High-Resolution Alarms

If you set an alarm on a high-resolution metric, you can specify a high-resolution alarm with a period of 10 seconds or 30 seconds, or you can set a regular alarm with a period of any multiple of 60 seconds. There is a higher charge for high-resolution alarms. For more information about high-resolution metrics, see Publish Custom Metrics.

Percentile-Based CloudWatch Alarms and Low Data Samples

When you set a percentile as the statistic for an alarm, you can specify what to do when there is not enough data for a good statistical assessment. You can choose to have the alarm evaluate the statistic anyway and possibly change the alarm state. Or, you can have the alarm ignore the metric while the sample size is low, and wait to evaluate it until there is enough data to be statistically significant.

For percentiles between 0.5 and 1.00, this setting is used when there are fewer than 10/(1-percentile) data points during the evaluation period. For example, this setting would be used if there were fewer than 1000 samples for an alarm on a p99 percentile. For percentiles between 0 and 0.5, the setting is used when there are fewer than 10/percentile data points.

Common Features of CloudWatch Alarms

The following features apply to all CloudWatch alarms:

  • You can create up to 5000 alarms per region per AWS account. To create or update an alarm, you use the PutMetricAlarm API action (mon-put-metric-alarm command).

  • Alarm names must contain only ASCII characters.

  • You can list any or all of the currently configured alarms, and list any alarms in a particular state using DescribeAlarms (mon-describe-alarms). You can further filter the list by time range.

  • You can disable and enable alarms by using DisableAlarmActions and EnableAlarmActions (mon-disable-alarm-actions and mon-enable-alarm-actions).

  • You can test an alarm by setting it to any state using SetAlarmState (mon-set-alarm-state). This temporary state change lasts only until the next alarm comparison occurs.

  • You can create an alarm using PutMetricAlarm (mon-put-metric-alarm) before you've created a custom metric. For the alarm to be valid, you must include all of the dimensions for the custom metric in addition to the metric namespace and metric name in the alarm definition.

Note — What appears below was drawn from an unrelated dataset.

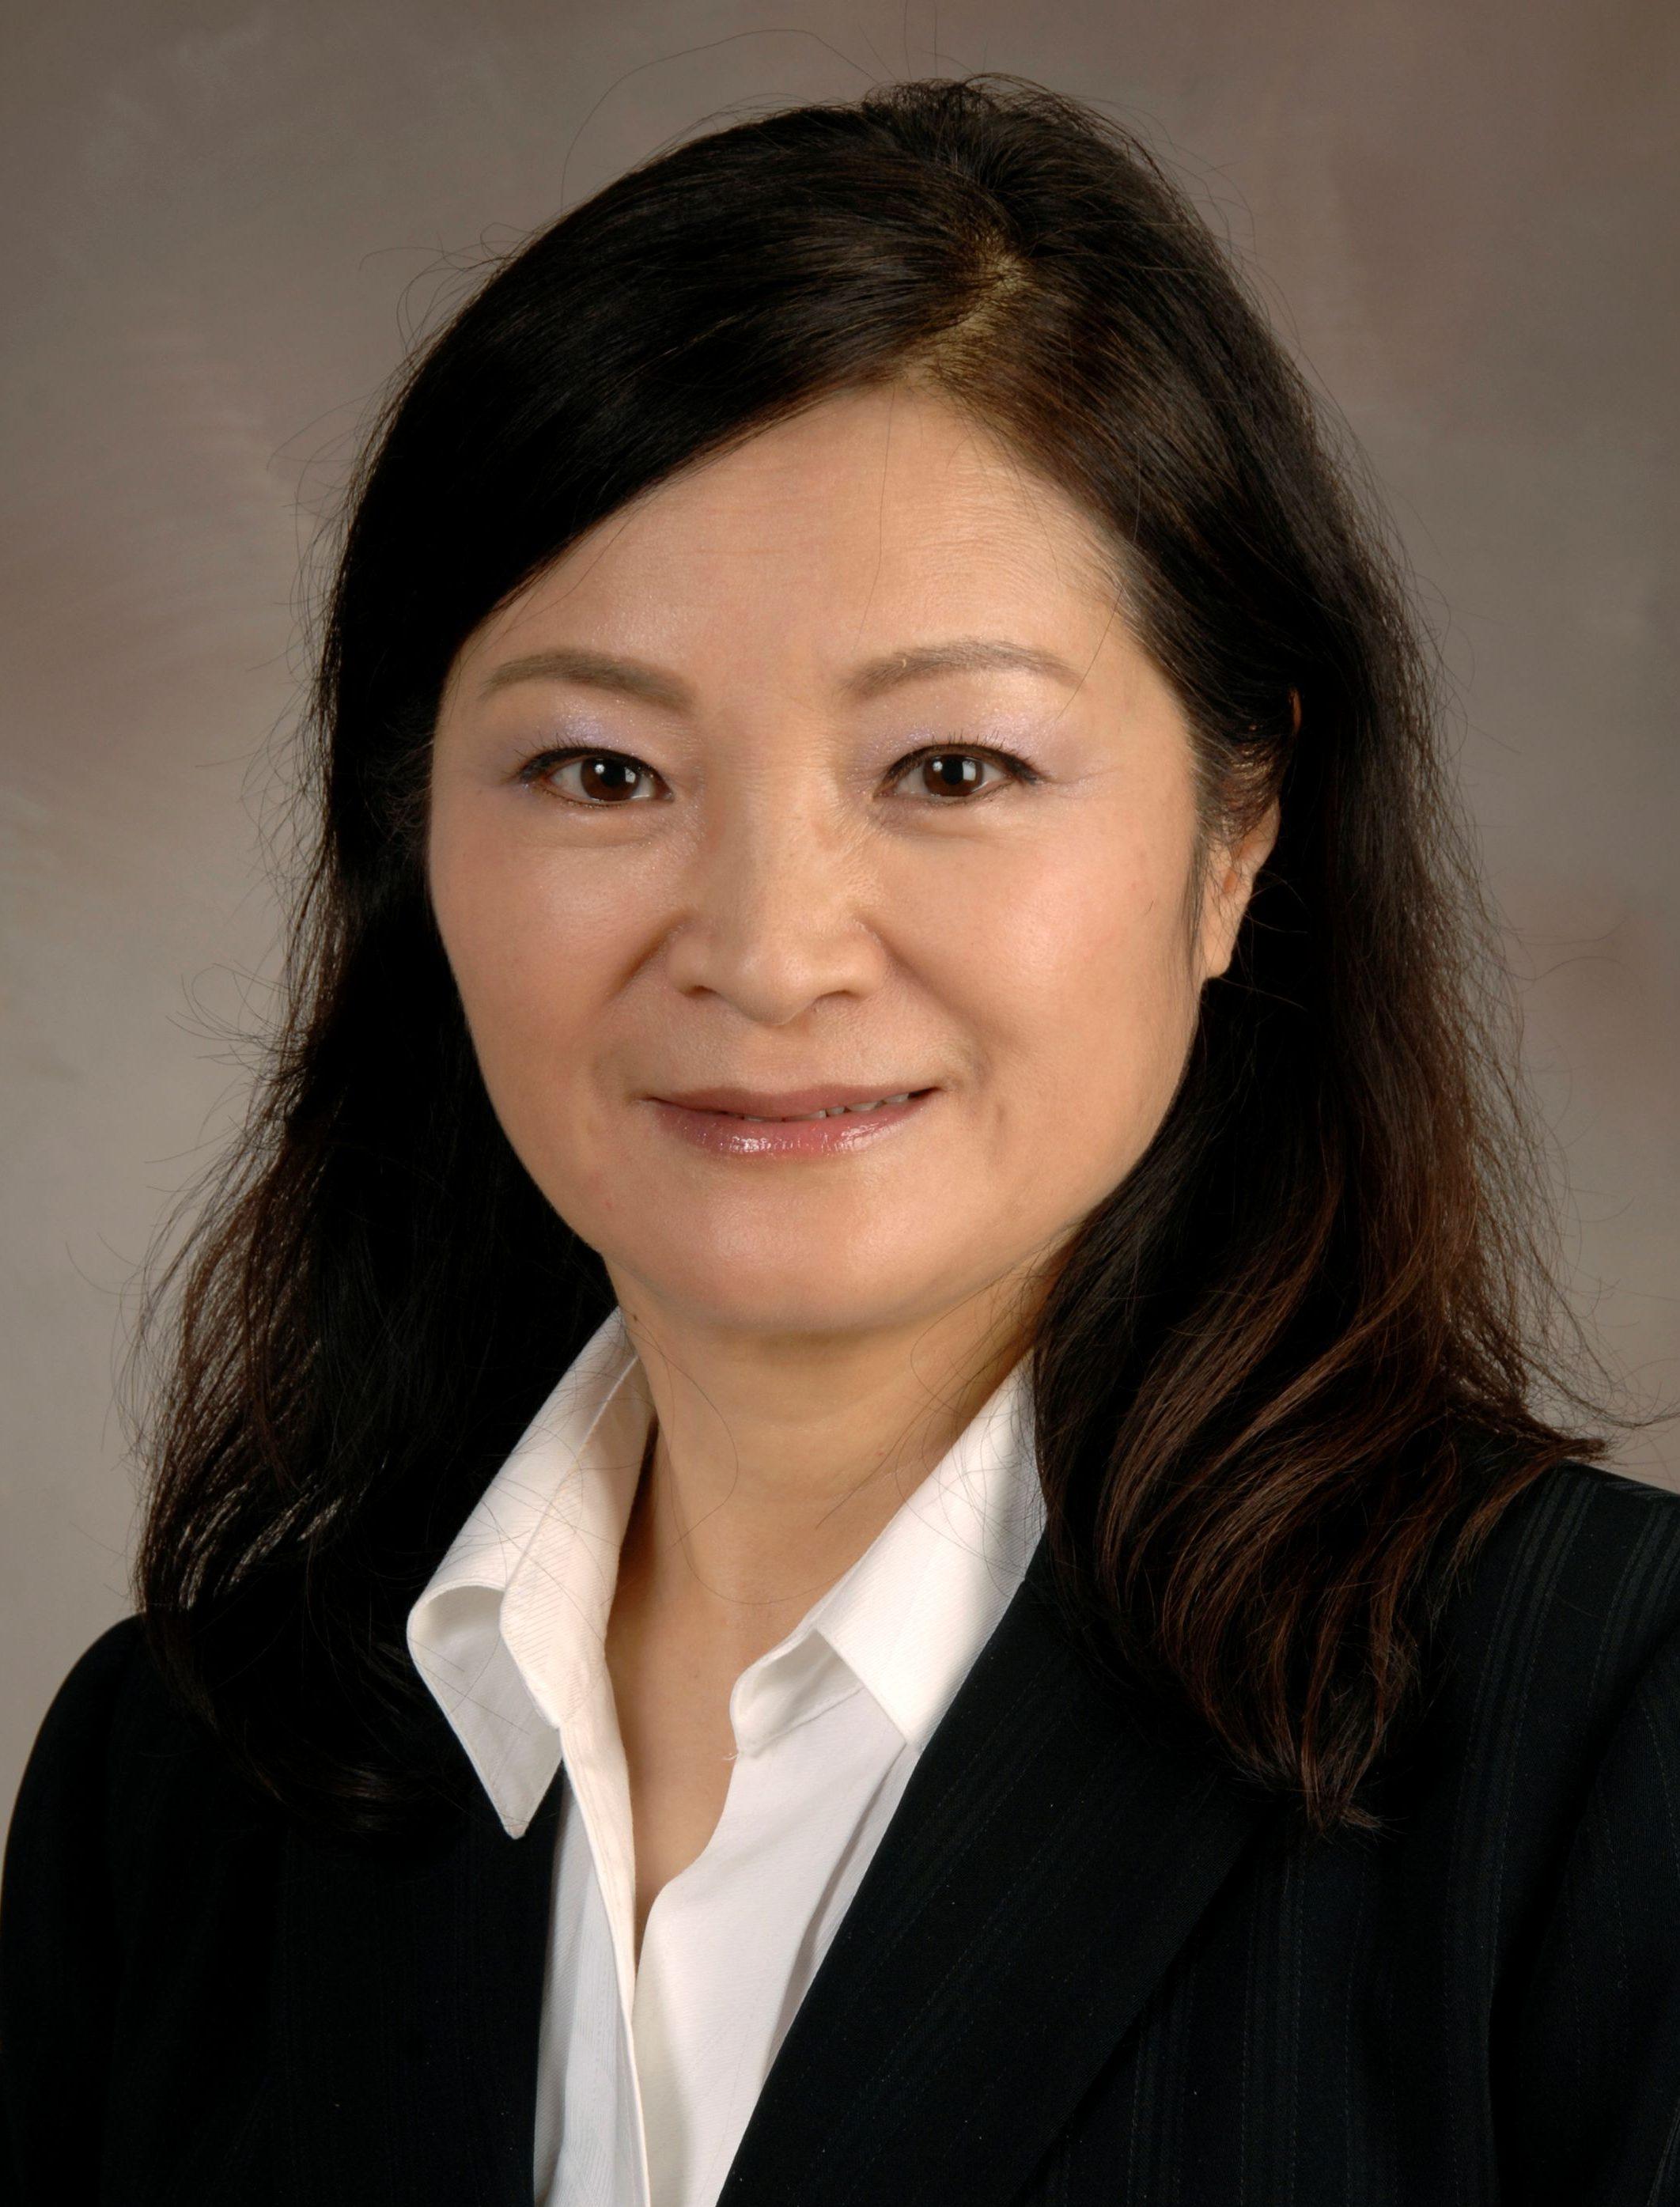 Mingfang Cheng, MD

  • You can view an alarm's history using DescribeAlarmHistory (mon-describe-alarm-history). CloudWatch preserves alarm history for two weeks. Each state transition is marked with a unique time stamp. In rare cases, your history might show more than one notification for a state change. The time stamp enables you to confirm unique state changes.

  • The number of evaluation periods for an alarm multiplied by the length of each evaluation period cannot exceed one day.


Some AWS resources do not send metric data to CloudWatch under certain conditions.

For example, Amazon EBS may not send metric data for an available volume that is not attached to an Amazon EC2 instance, because there is no metric activity to be monitored for that volume. If you have an alarm set for such a metric, you may notice its state change to Insufficient Data. This may indicate that your resource is inactive, and may not necessarily mean that there is a problem.